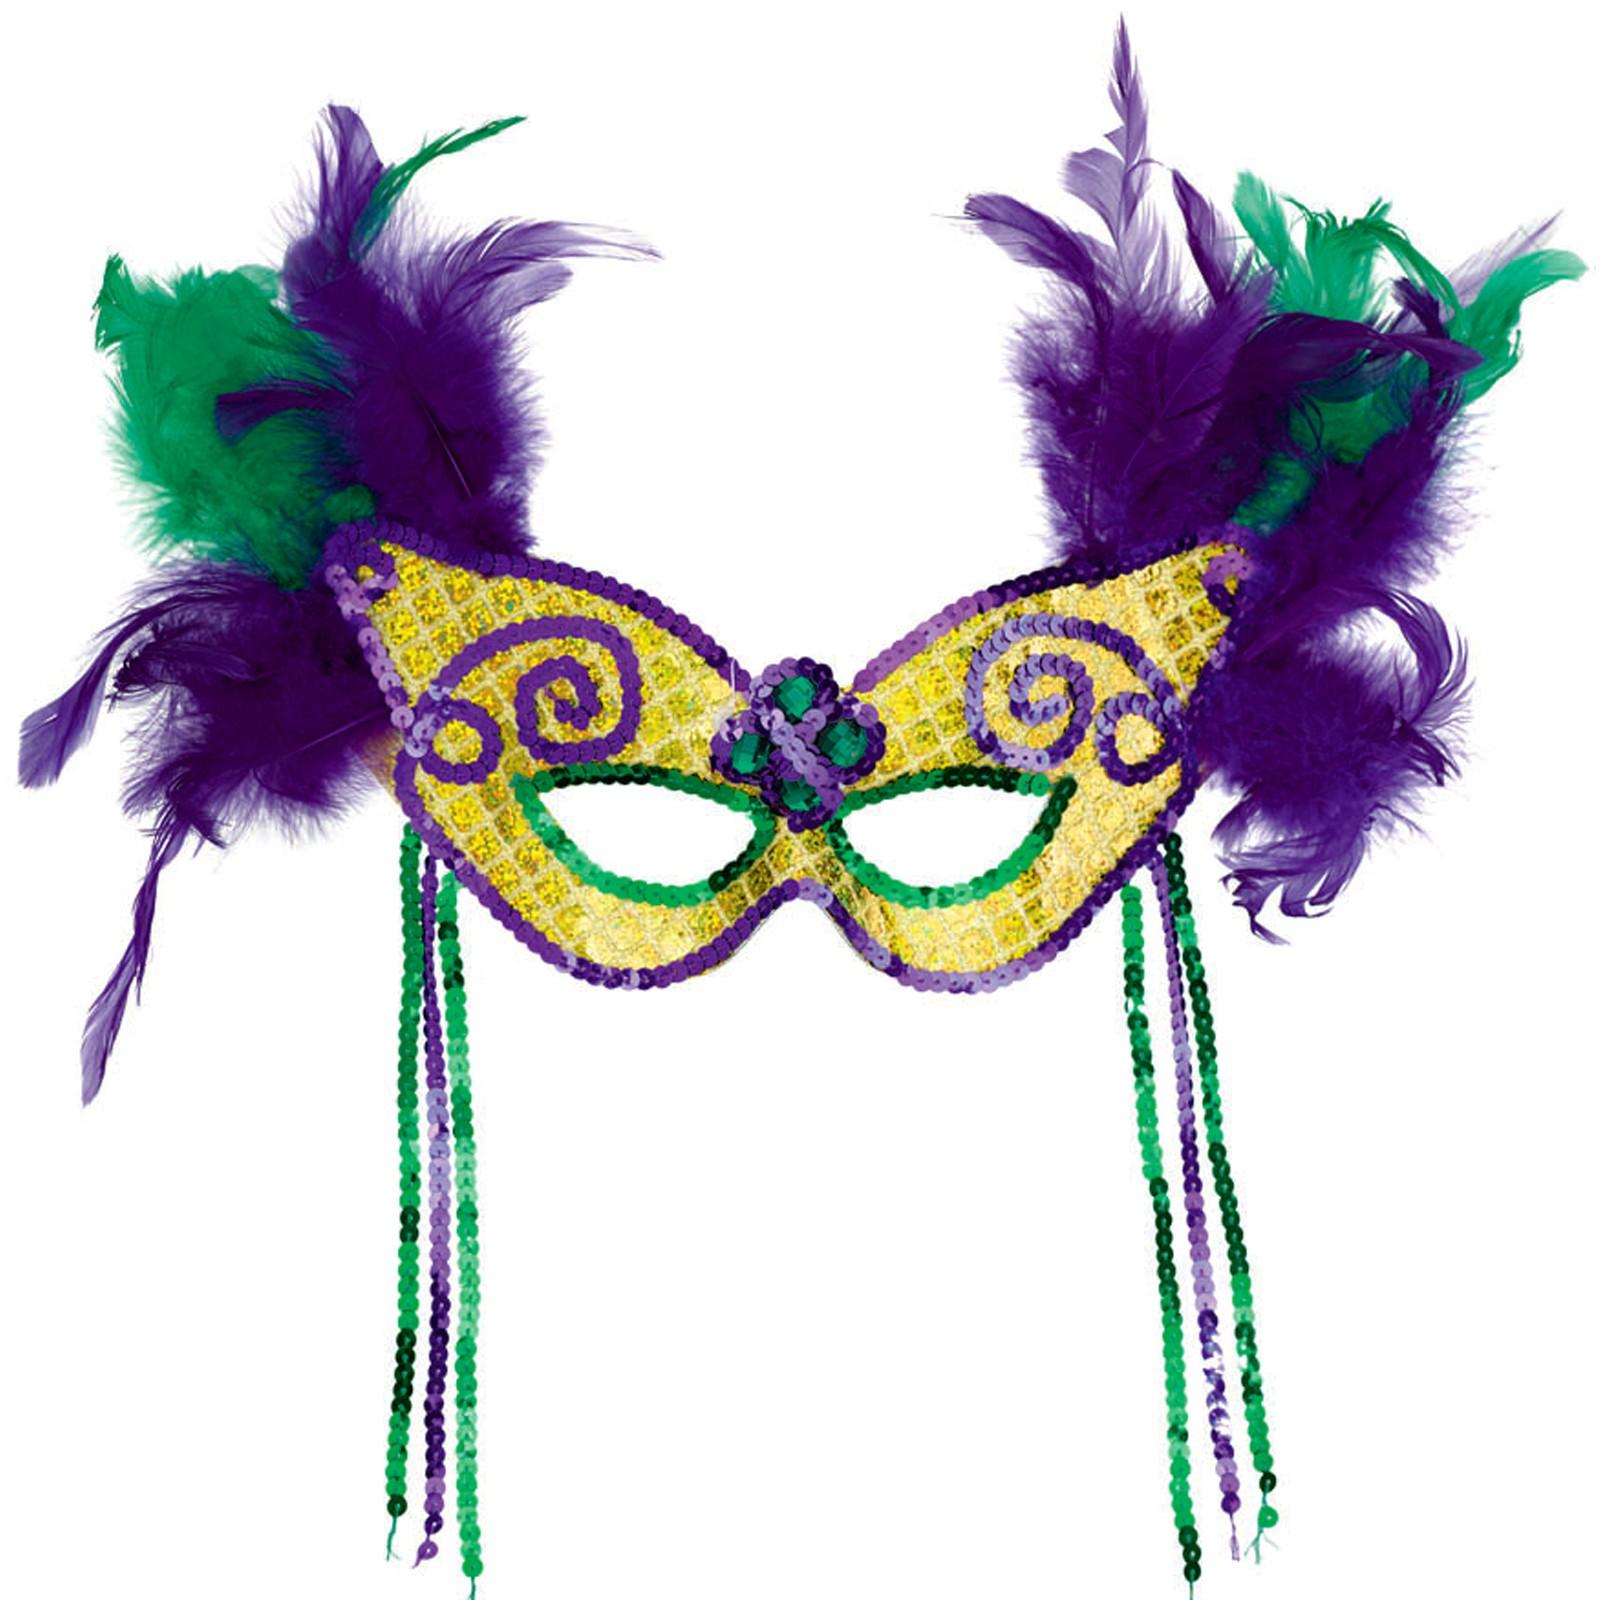 Mardi Gras Carnival Masks 2013 – Latest & Beautiful Masks ...
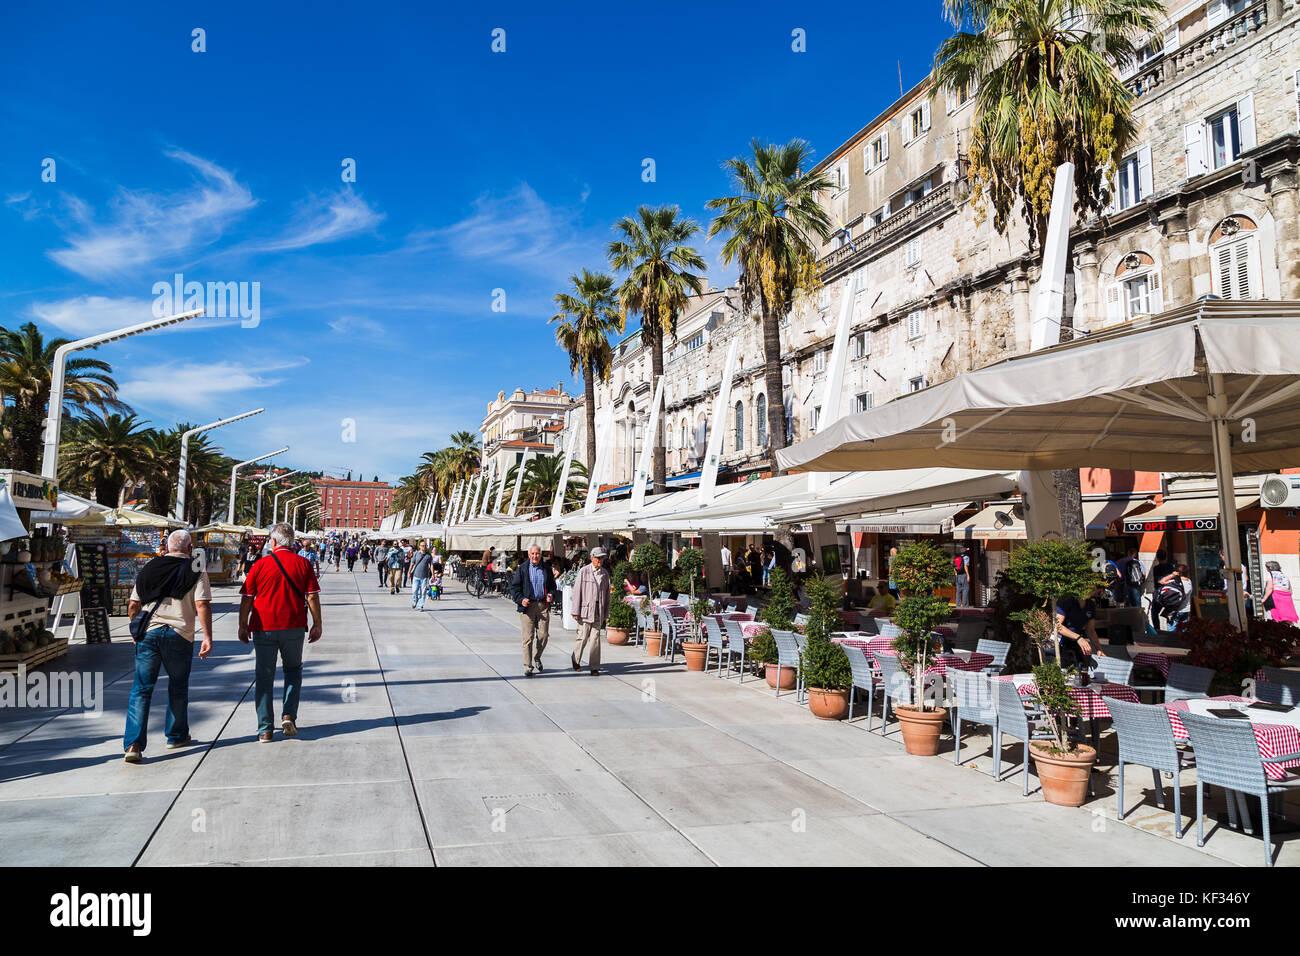 Cafe Riva Waterfront Split Croatia Stock Photos & Cafe ...
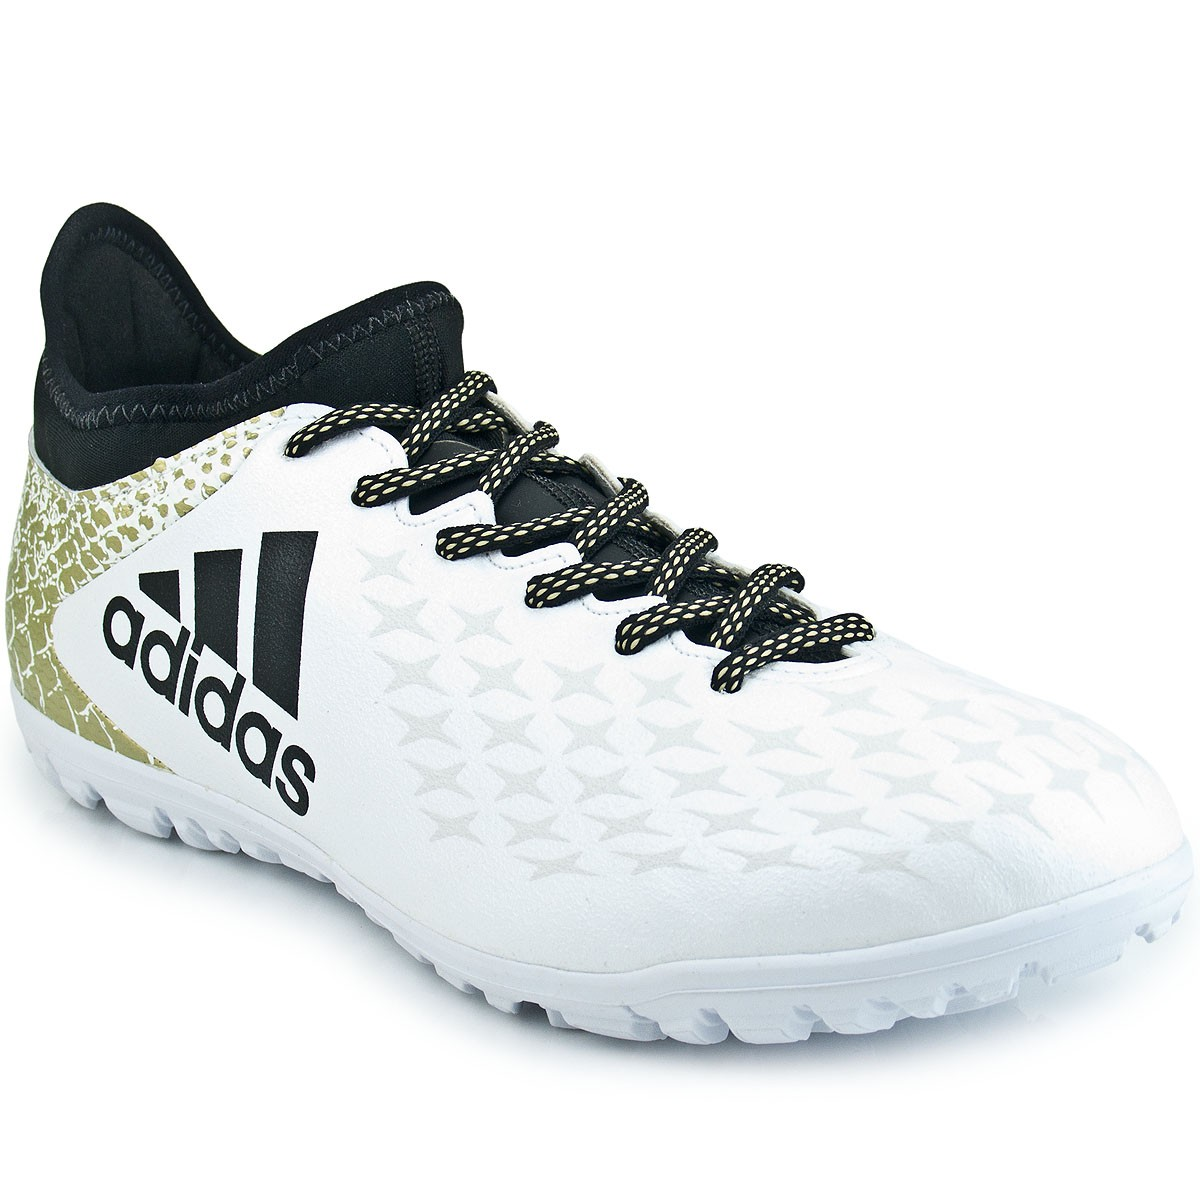 Chuteira Adidas X 16.3 TF  8878b3ee62969

● TRY IT
Repeat the material above precisely as it appears, omitting the images it contains.

● WORKED SOLUTION
 Mardi Gras Carnival Masks 2013 – Latest & Beautiful Masks ...
 Cafe Riva Waterfront Split Croatia Stock Photos & Cafe ...
 Chuteira Adidas X 16.3 TF  8878b3ee62969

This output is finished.